L’inchiesta, secondo la ricostruzioni degli inquirenti, ha portato a scoprire l’esistenza di un sistema le cui vittime erano proprio i bambini allontanati dai genitori attraverso disegni falsificati, cui venivano aggiunti dettagli a carattere sessuale, e con relazioni non veritiere sui rapporti in famiglia. In più gli psicologi e gli psicoterapeuti facevano pressioni sui bambini che li portavano a dichiarare il falso sui propri parenti. Il tutto finalizzato ad affidare i piccoli e sottoporli a un circuito di cure private a pagamento di una onlus, la “Hansel & Gretel” piemontese.

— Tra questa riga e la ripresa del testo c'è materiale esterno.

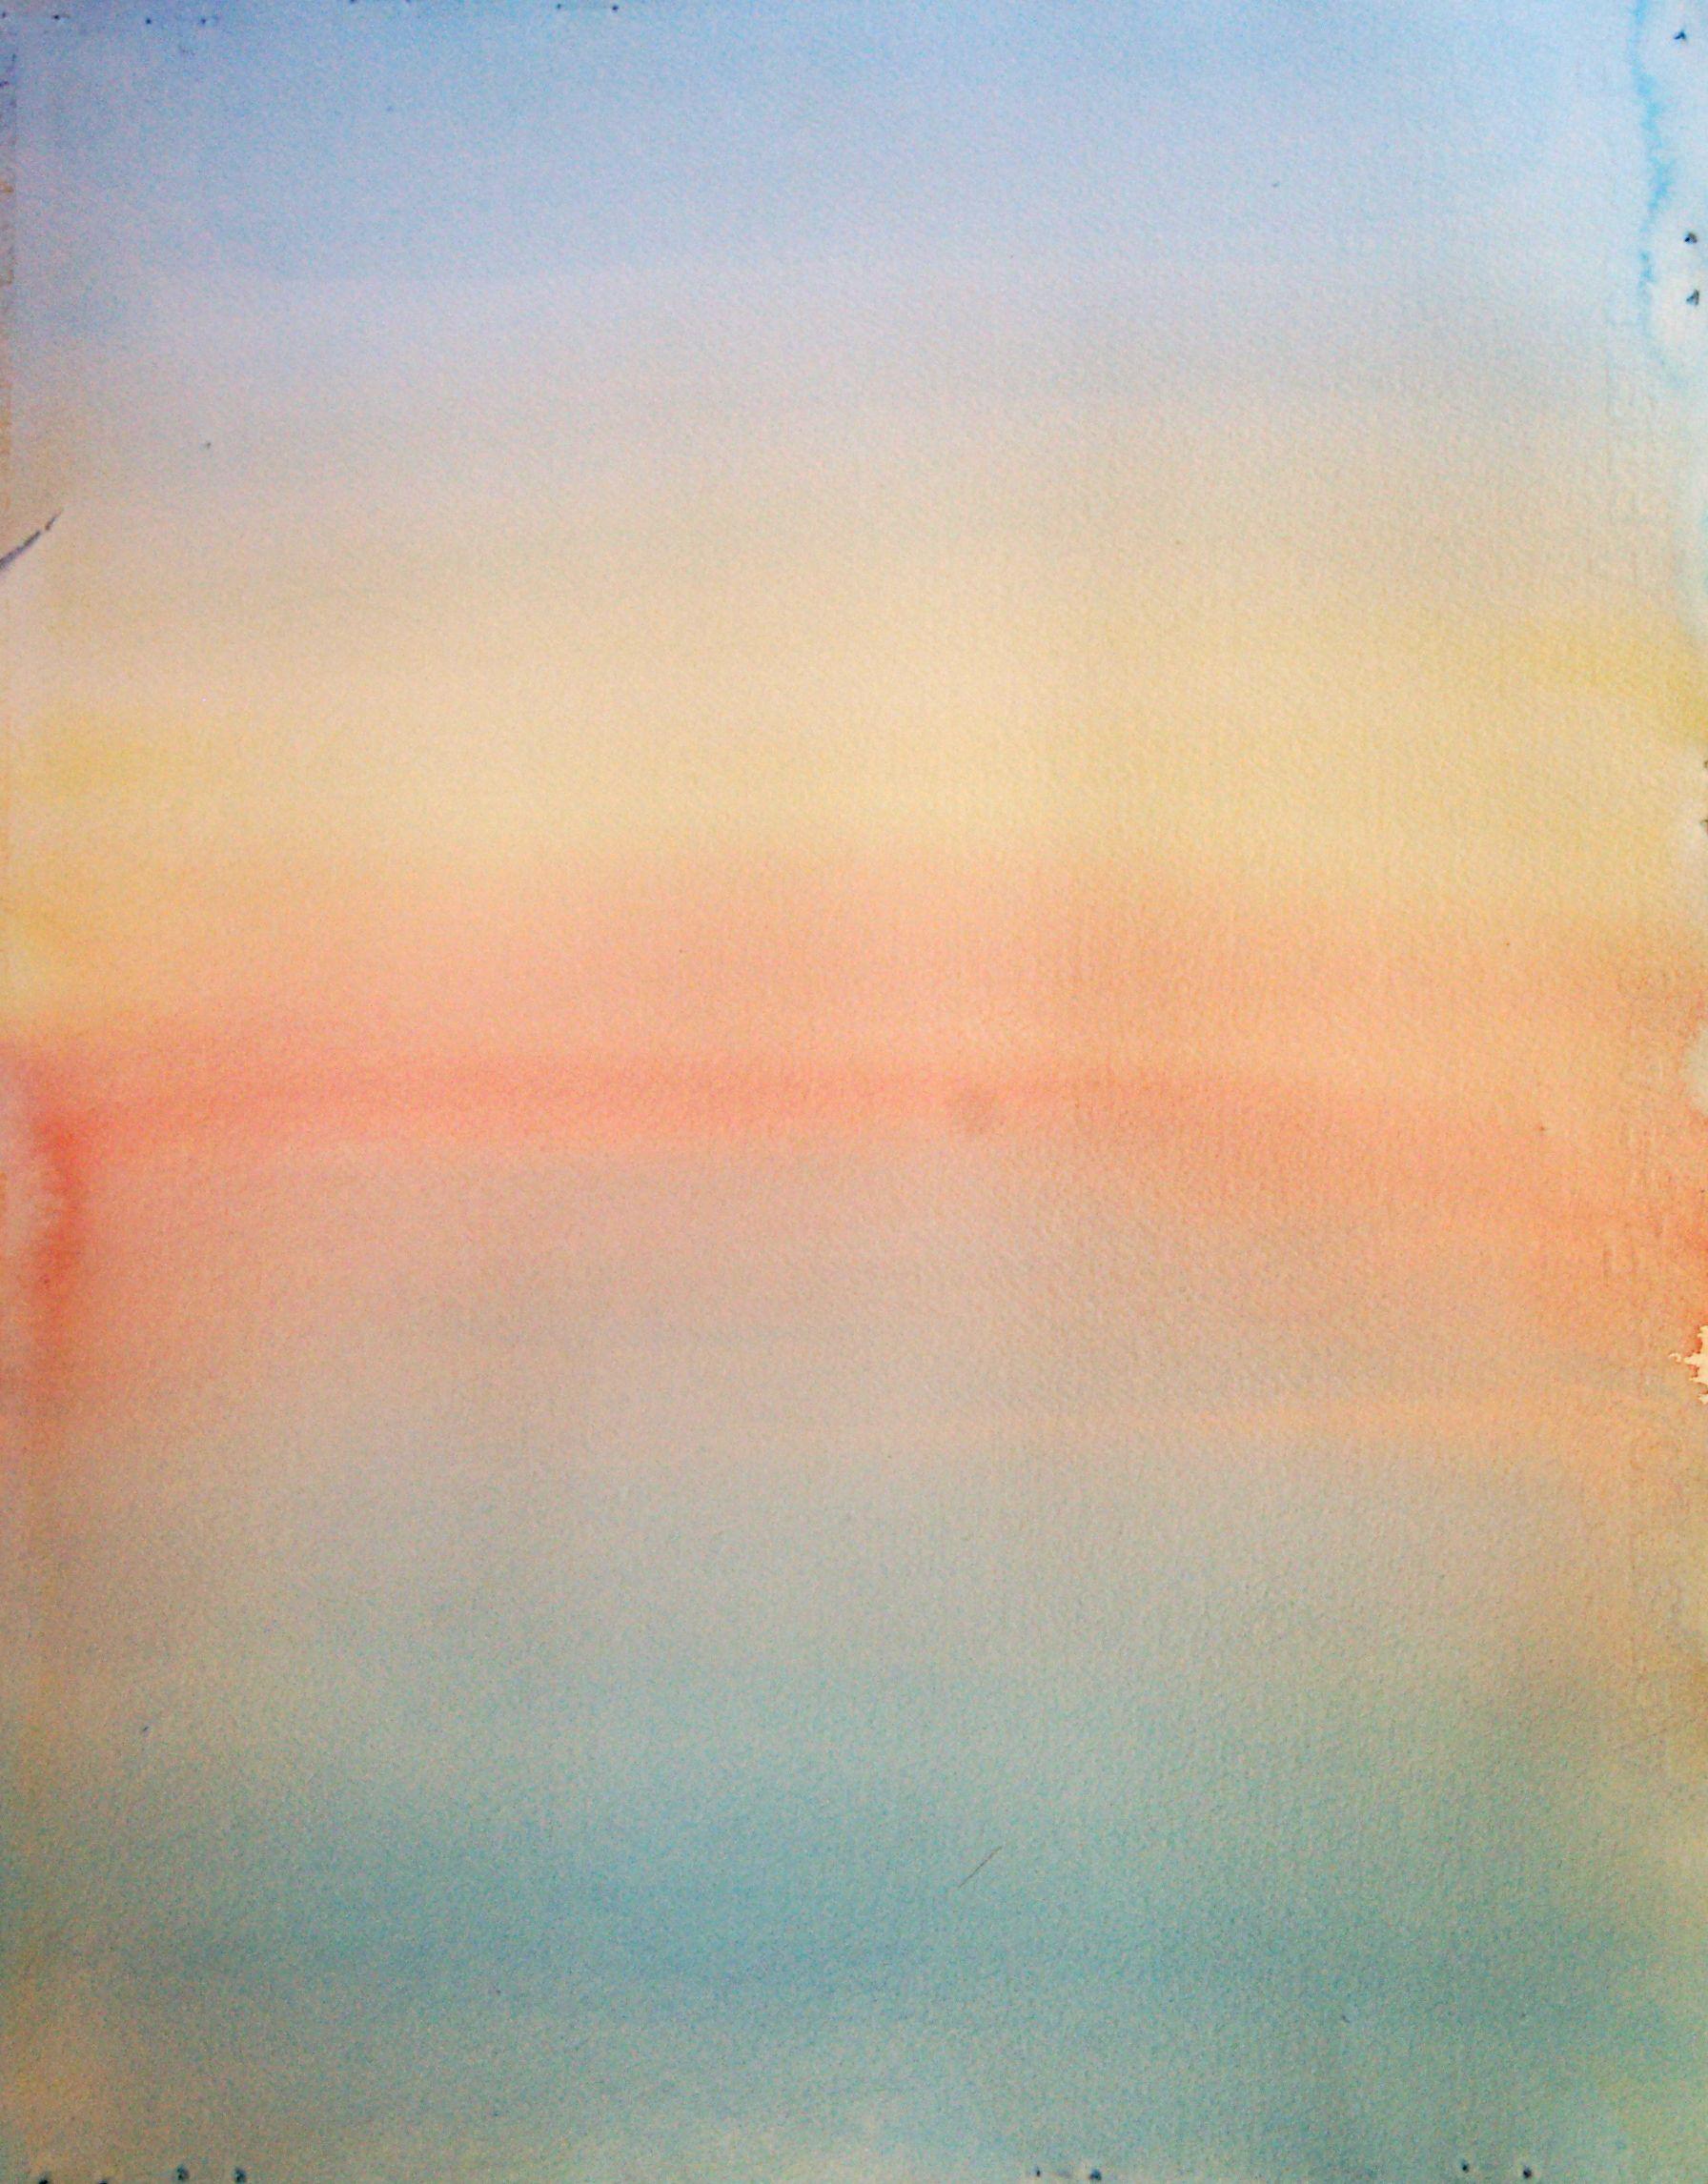 watercolor wash - Google Search | Death In Venice | Pinterest ...

Un giro che fruttava ai professionisti migliaia di euro di cui beneficiavano alcuni degli indagati. Contemporaneamente altri si avvantaggiavano dell'indotto derivante dalla gestione dei minori oppure organizzando corsi di formazione e convegni ad appannaggio della stessa onlus. 

Le 24 persone a processo sono accusate, con ruoli e responsabilità diverse, di frode processuale, depistaggio, abuso d’ufficio, maltrattamenti su minori, falso in atto pubblico, violenza privata, tentata estorsione e peculato d'uso.